*What is required*:
Output exactly, and only, the lines below from the one with "требуют предать Путина" down to the one with "Economics FA Part". Include both end lines and no pictures.

*Material supplied*:
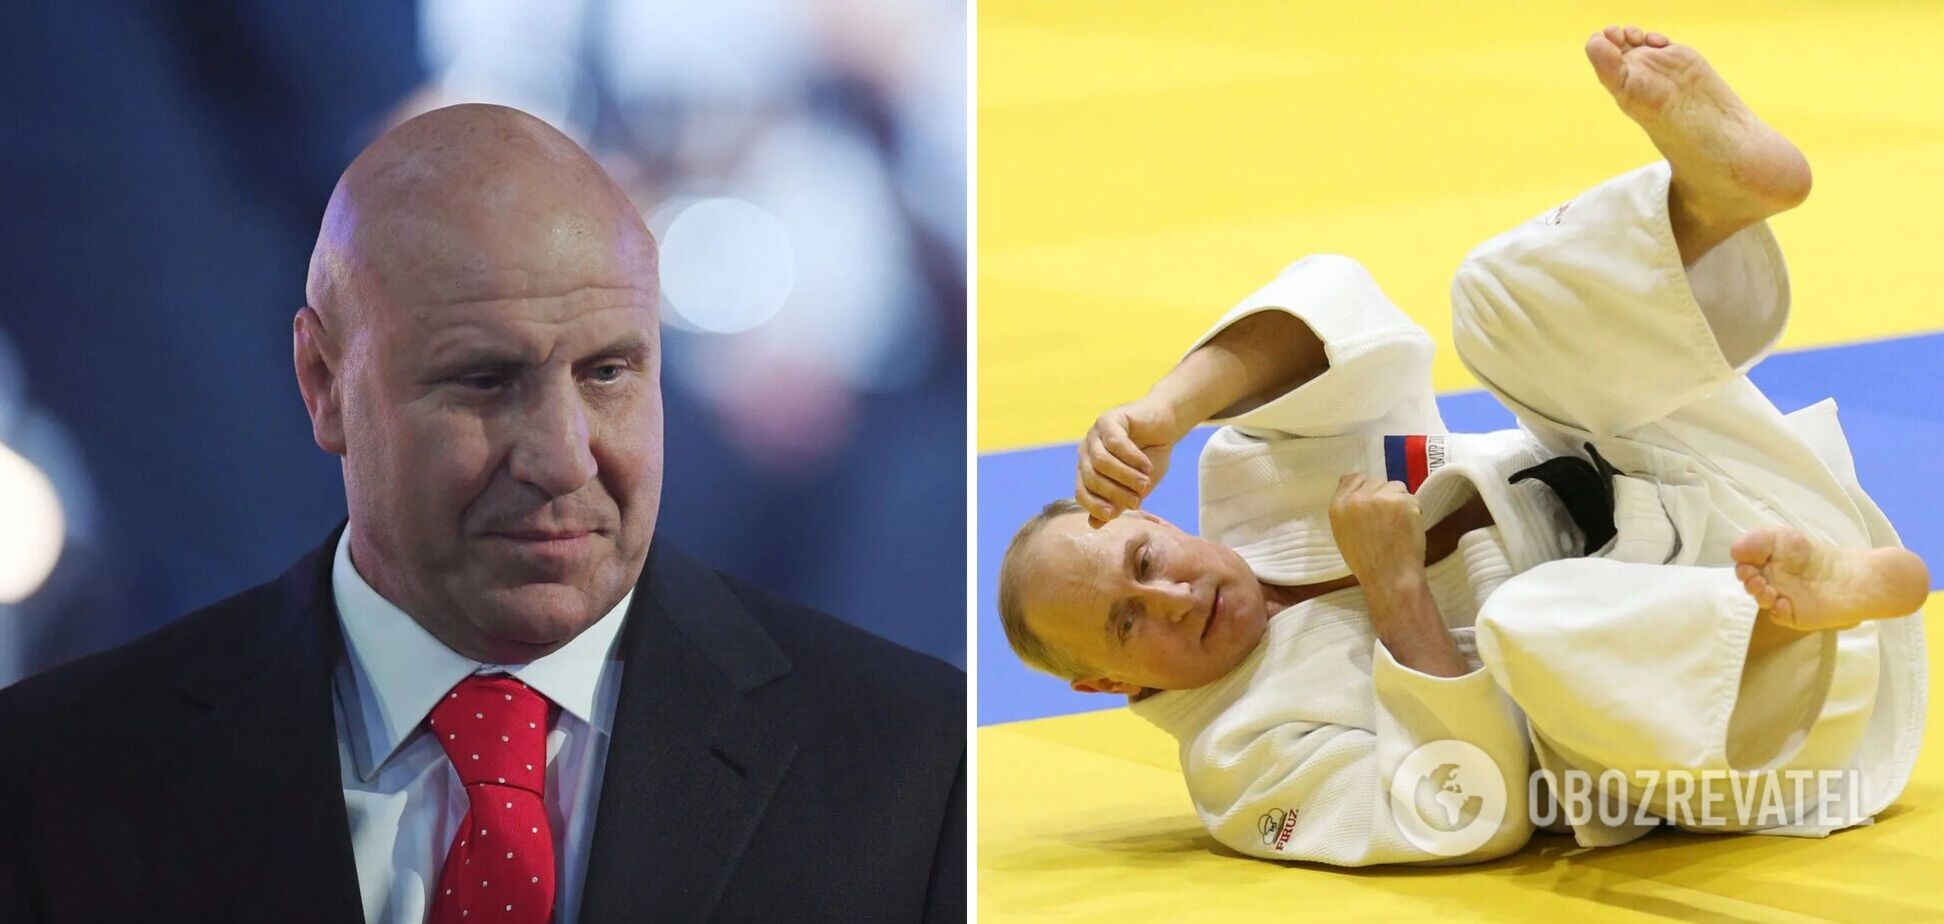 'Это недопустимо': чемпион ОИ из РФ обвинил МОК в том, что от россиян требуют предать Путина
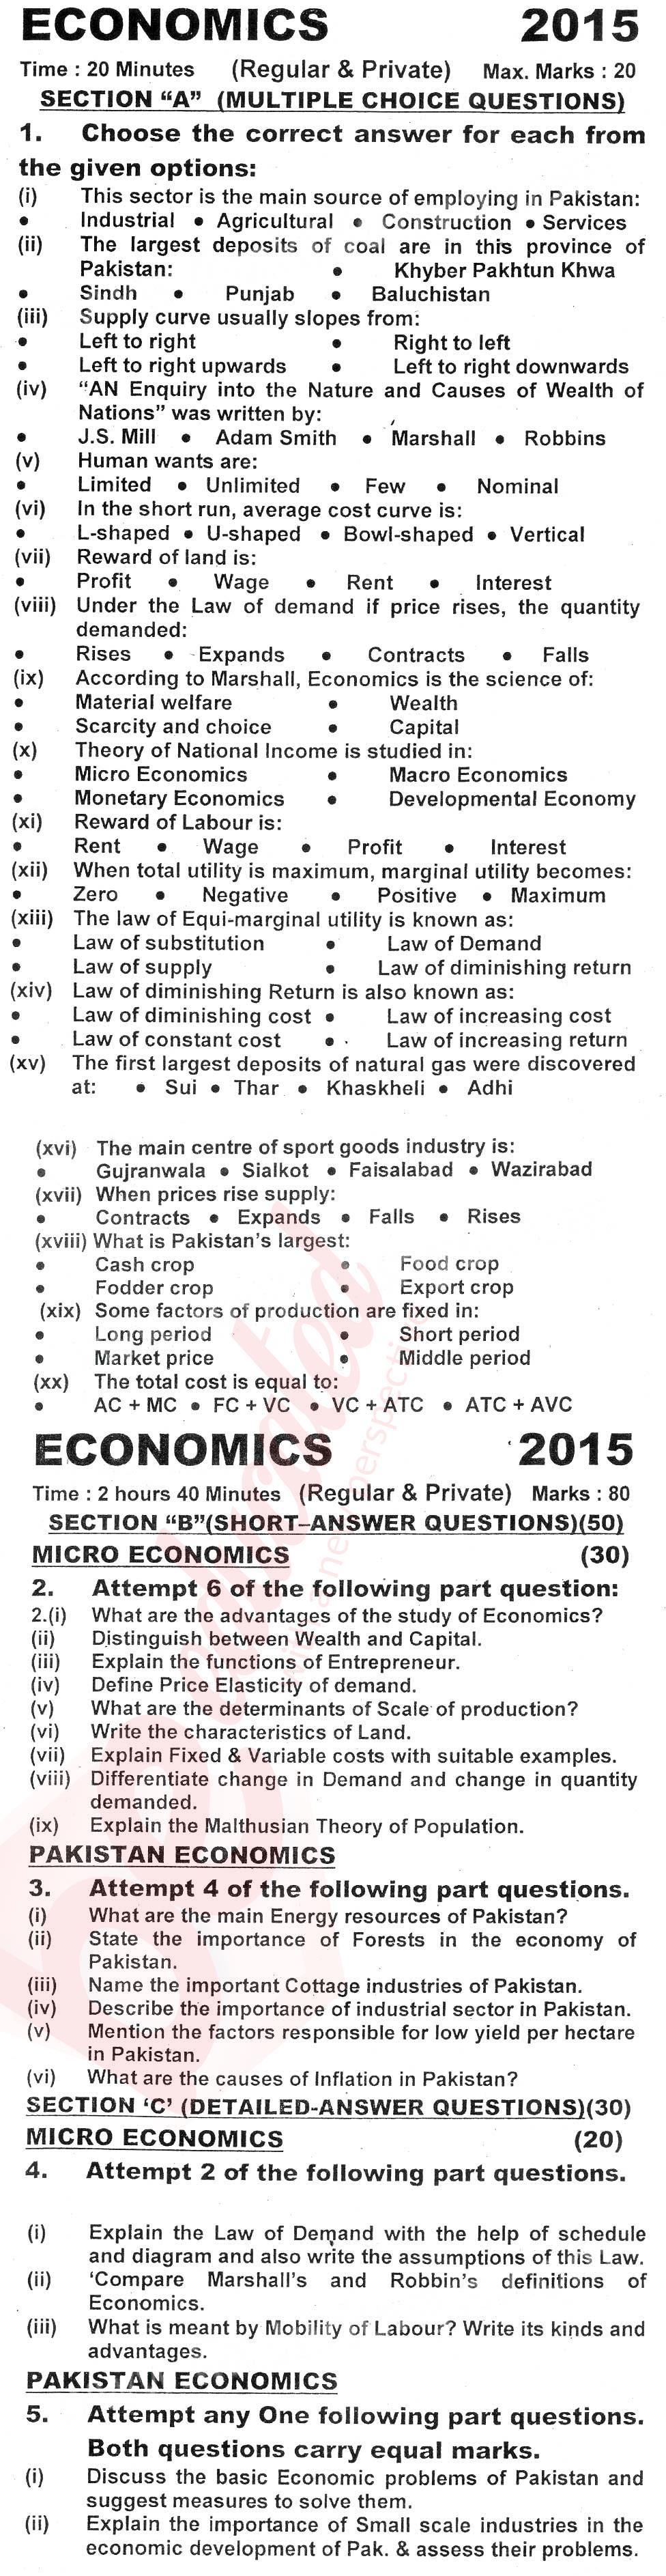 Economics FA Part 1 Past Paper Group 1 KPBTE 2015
---
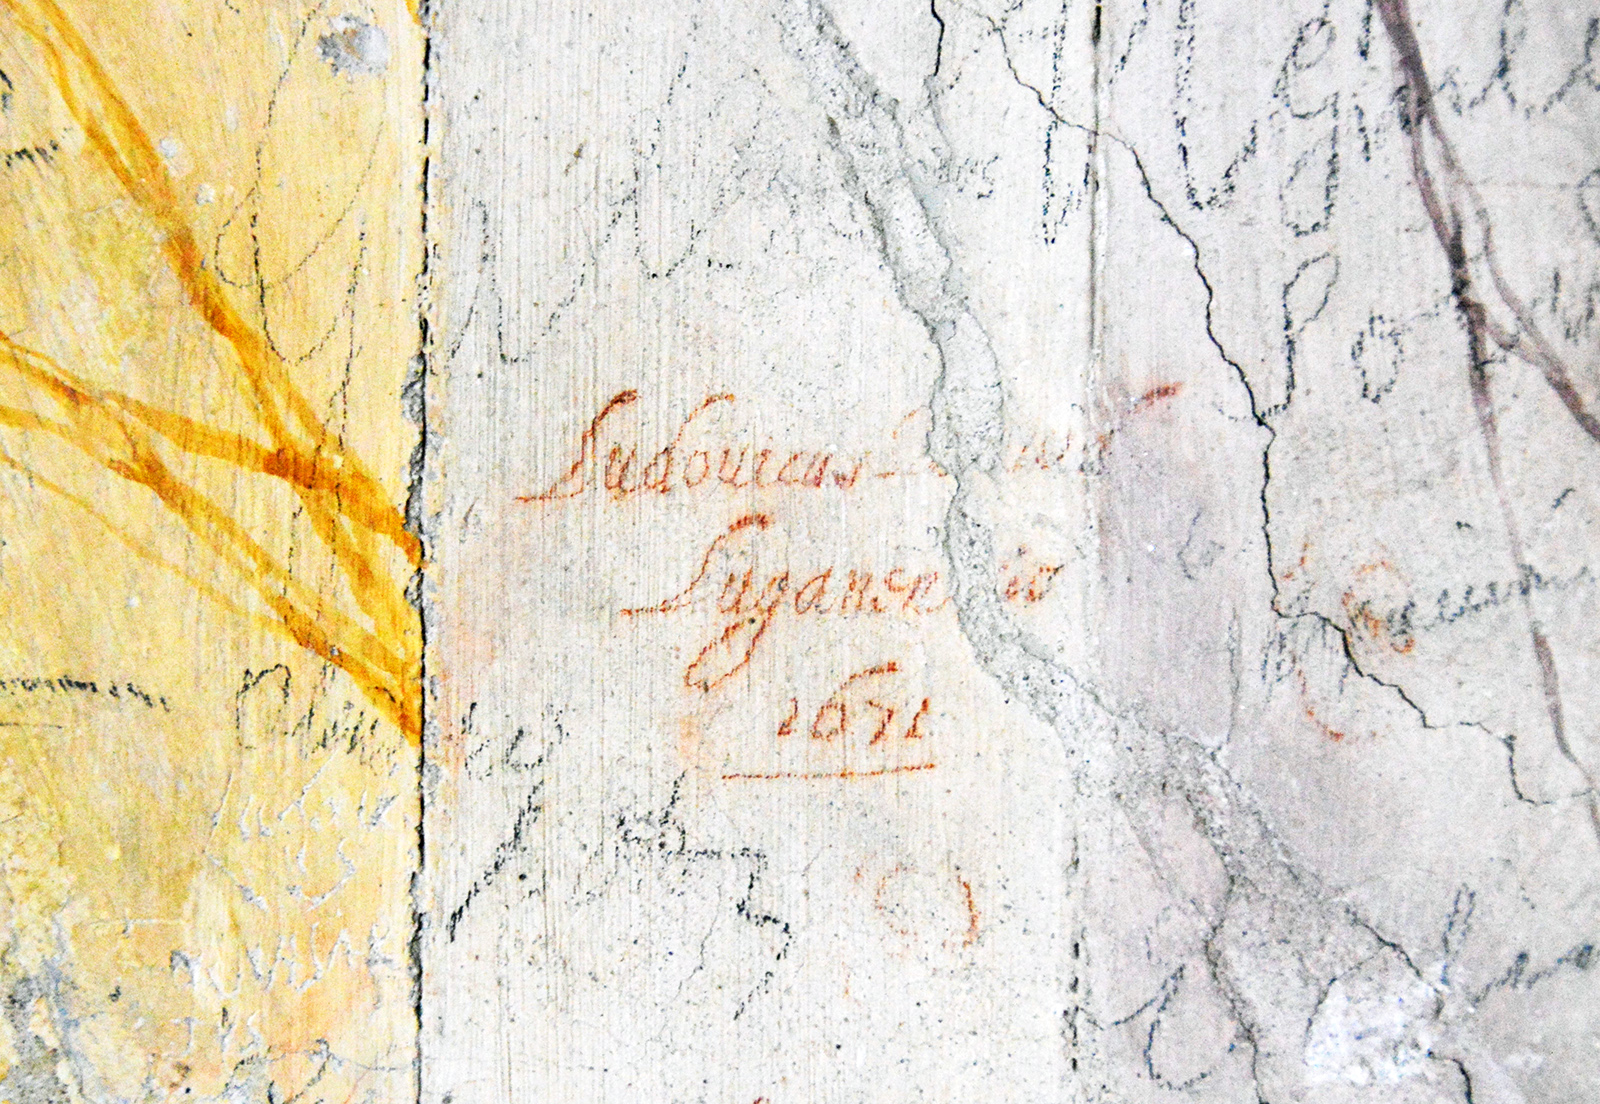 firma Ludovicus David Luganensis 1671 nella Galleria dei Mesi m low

*Reply*:
 'Это недопустимо': чемпион ОИ из РФ обвинил МОК в том, что от россиян требуют предать Путина
 Economics FA Part 1 Past Paper Group 1 KPBTE 2015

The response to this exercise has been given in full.